You cannot copy data directly from a second database to a memory optimized table. So we need to copy the data to a regular table first.

SELECT * INTO temp
FROM AdventureWorks2012.Production.TransactionHistoryArchive

Now we can copy the data to the memory optimized table

INSERT INTO TransactionHistoryArchive
SELECT * FROM temp

Let us look at our first execution plans using T-SQL against our memory optimized table (which by the way is defined as T-SQL using the query interop capabilities).

SELECT * FROM TransactionHistoryArchive
WHERE TransactionID = 8209

Since we defined a hash index on the TransactionId column we get the following plan

image

Now a query using a different column

SELECT * FROM TransactionHistoryArchive
WHERE ProductID = 780

image

The execution plans shows the familiar Index Scan and Index Seek operations but obviously the algorithms for this execution are not the same, this time the table and indexes are in memory and use totally different structures. You can identify differences on these operators by looking at NonClusteredHash after the name of the operator and Storage shown as MemoryOptimized in the properties of the operator as shown next.

image

Let us now create a stored procedure and yes, all the new clauses (like NATIVE_COMPILATION or SCHEMABINDING) are required, leaving any of these out will produce an error

CREATE PROCEDURE test
WITH NATIVE_COMPILATION, SCHEMABINDING, EXECUTE AS OWNER
AS
BEGIN ATOMIC WITH (TRANSACTION ISOLATION LEVEL = SNAPSHOT, LANGUAGE = 'us_english')
SELECT TransactionID, ProductID, ReferenceOrderID FROM dbo.TransactionHistoryArchive
WHERE ProductID = 780
END

Then you can run the procedure by using

EXEC test

Something that you may notice is that executing the native stored procedure does not show any execution plan. At this moment I don’t know if the plan will be visible on a later CTP or the RTM but assuming it won’t, this may be a problem as we would not have an execution plan to troubleshoot. You may say that we can still see the plan using the T-SQL code but keep in mind that data and statistics may have changed since the procedure was created and so it does not mean that the plan you currently get was the same that was compiled to native code. Anyway, we would just have to wait for the next CTPs and see how is this going to work.

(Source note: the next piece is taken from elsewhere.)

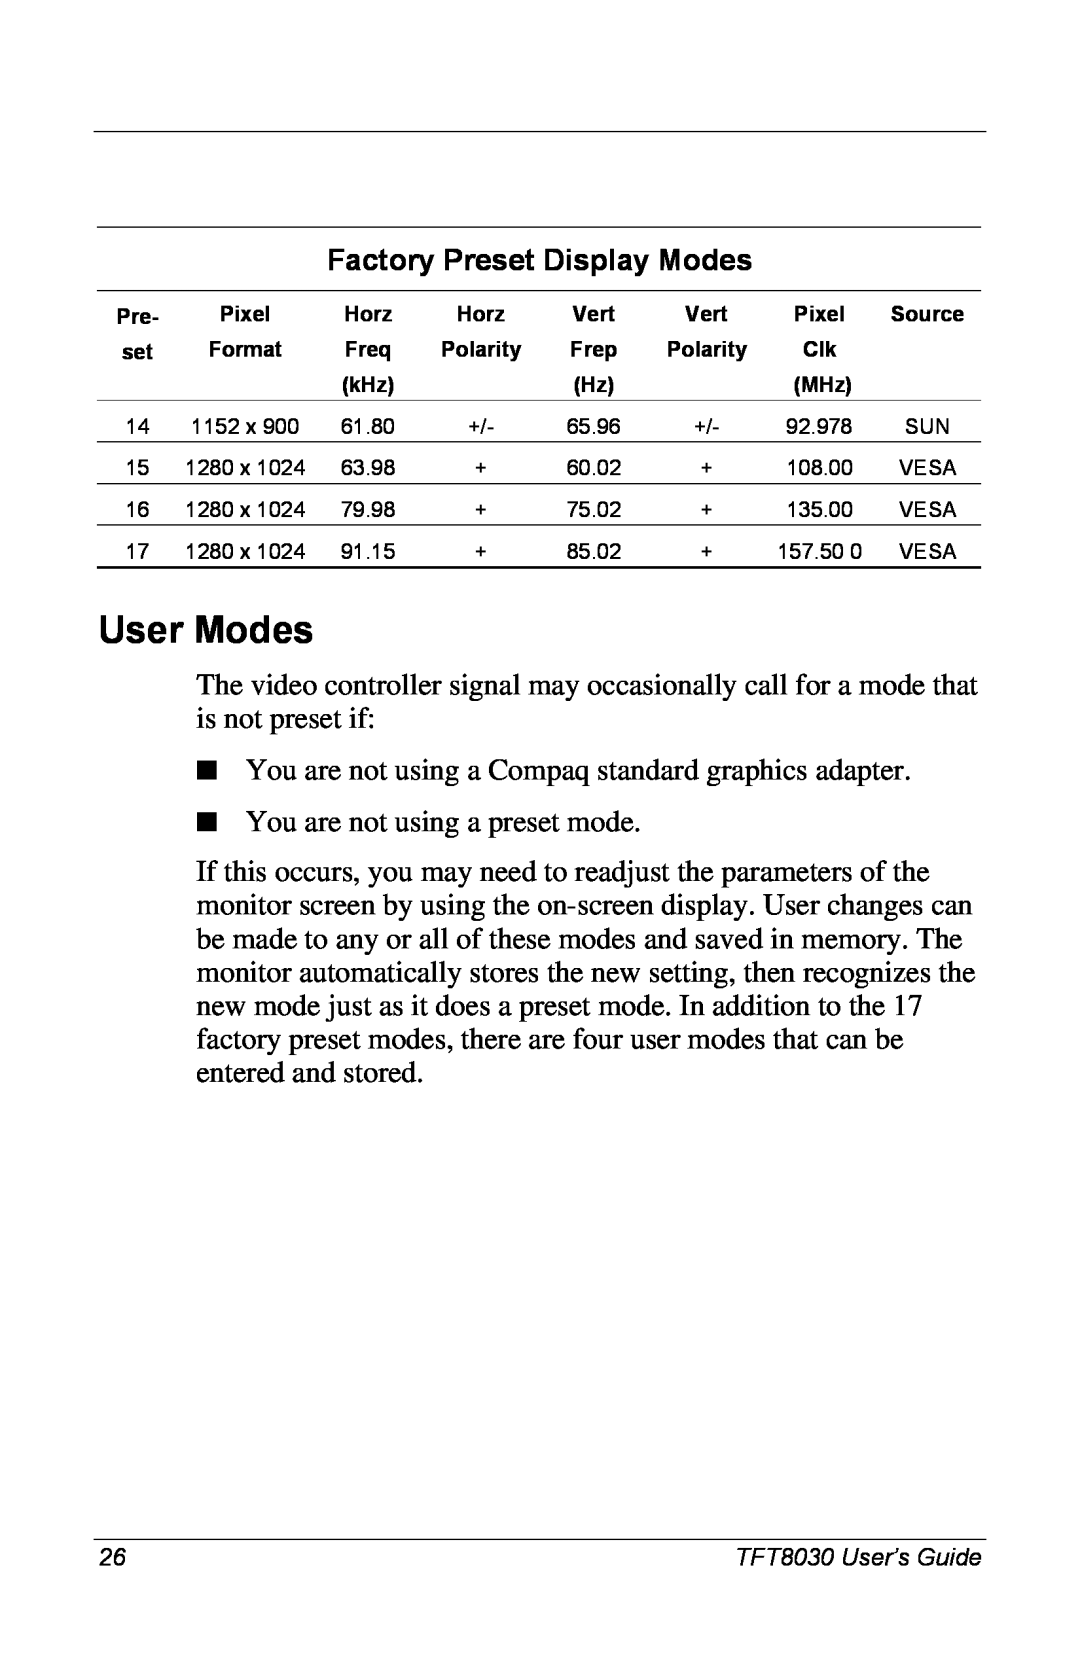 Compaq 8030 manual User Modes, Factory Preset Display Modes 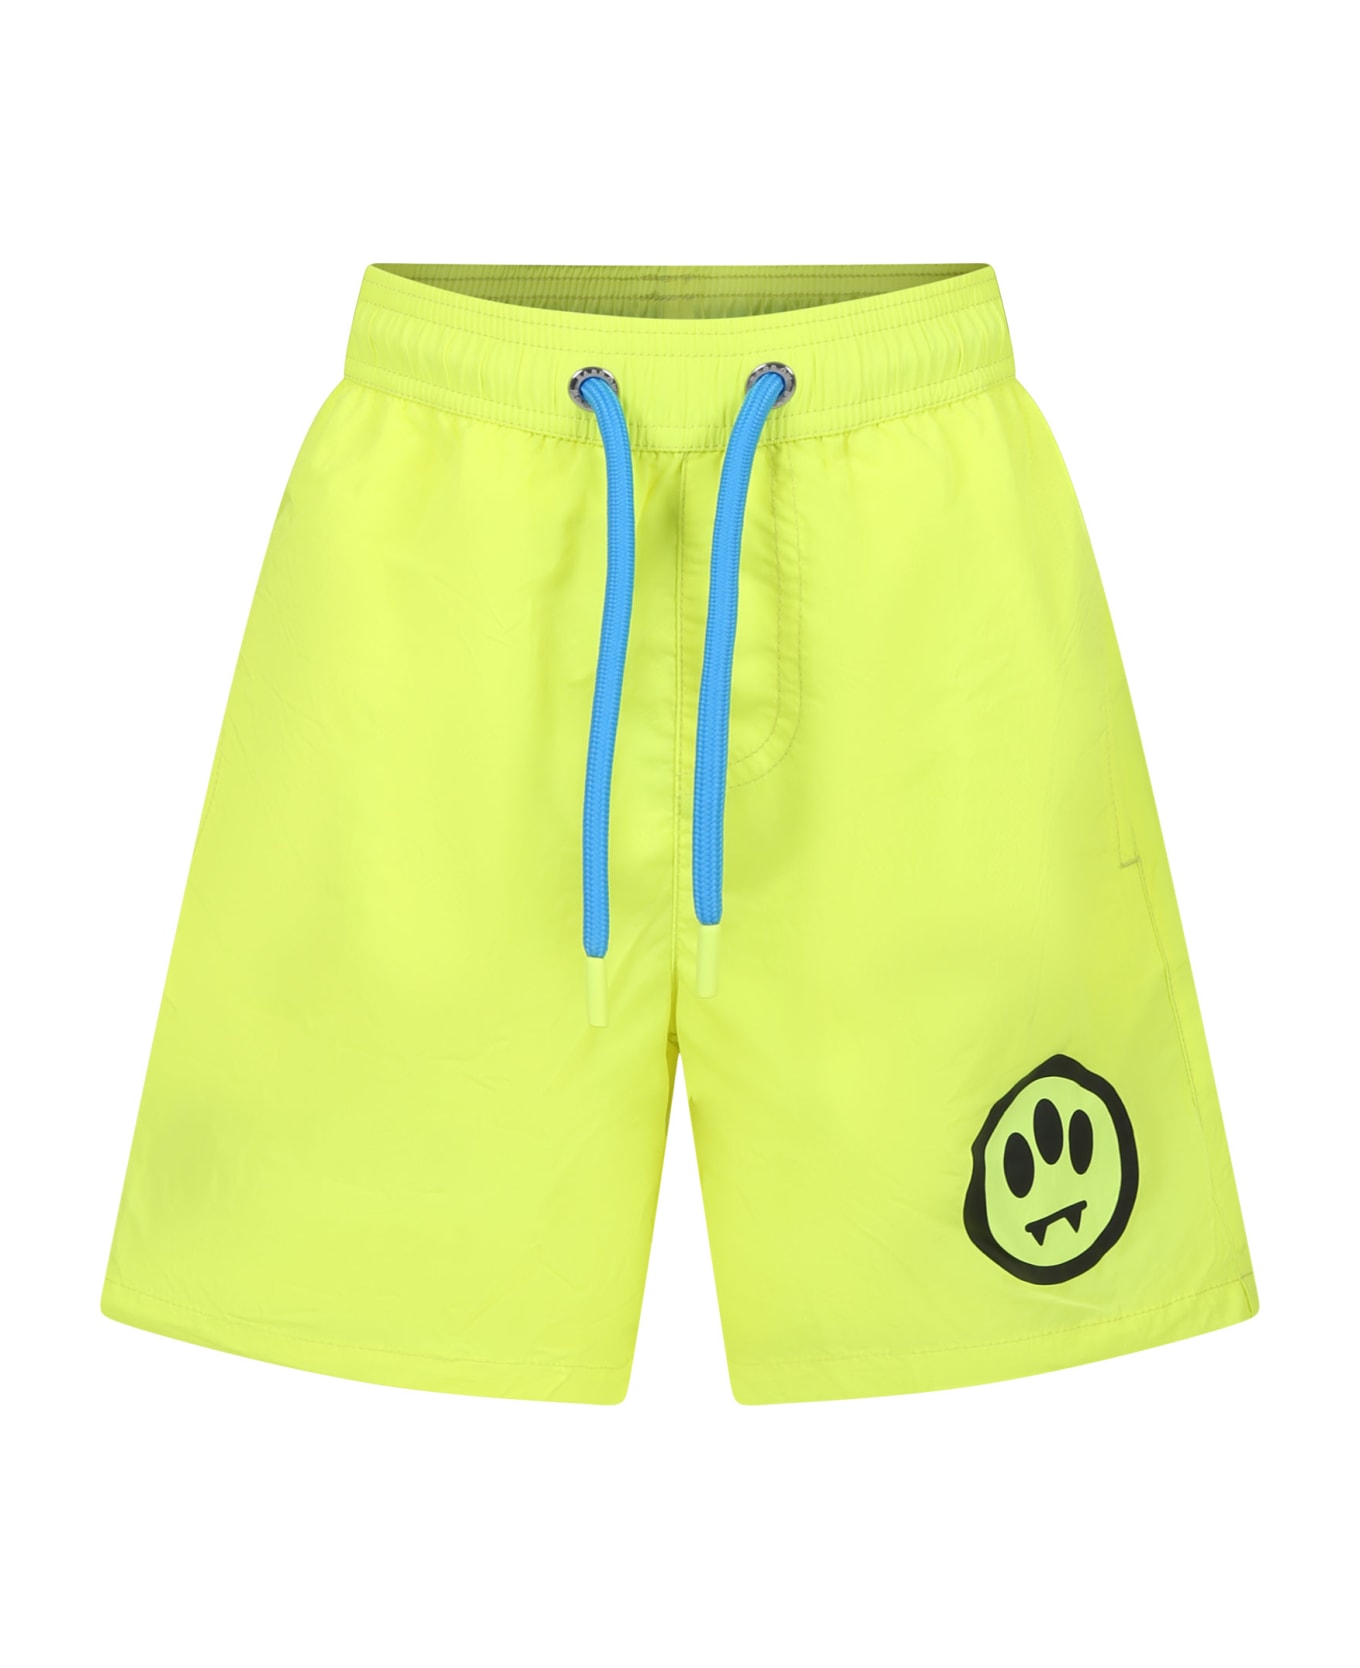 Barrow Yellow Swim Shorts For Boy With Smiley - Yellow

UPDATE: I got an update from Jos de Bruijn from Microsoft saying “You are correct that the plan for the native procedure may not be the same as in interpreted T-SQL. Not only can there be differences in statistics, but there are also certain operators we do not support in native procedures (e.g. hash join, hash aggregate). Starting with CTP2, we will be supporting SHOWPLAN_XML (also called the “estimated execution plan” in Management Studio), so you will be able to see the plan that was used to compile the procedure.”

Finally, it is interesting to note that the generated DLLs are not kept on the database but in the file system and you can find them, along with some other intermediate files by looking at the location returned by the following query

SELECT name, description FROM sys.dm_os_loaded_modules
where description = 'XTP Native DLL'

Generated C code is available at that location. A small fragment of the C code created on the previous examples is shown next

#include "hkenggen.h"
#include "hkrtgen.h"
#include "hkgenlib.h"

#define ENABLE_INTSAFE_SIGNED_FUNCTIONS
#include "intsafe.h"

int _fltused = 0;

int memcmp(const void*, const void*, size_t);
void *memcpy(void*, const void*, size_t);
void *memset(void*, int, size_t);

#define offsetof(s,f)   ((size_t)&(((s*)0)->f))

struct hkt_277576027
{
    __int64 hkc_5;
    __int64 hkc_8;
    __int64 hkc_9;
    long hkc_1;
    long hkc_2;
    long hkc_3;
    long hkc_4;
    long hkc_7;
    unsigned short hkvdo[2];
};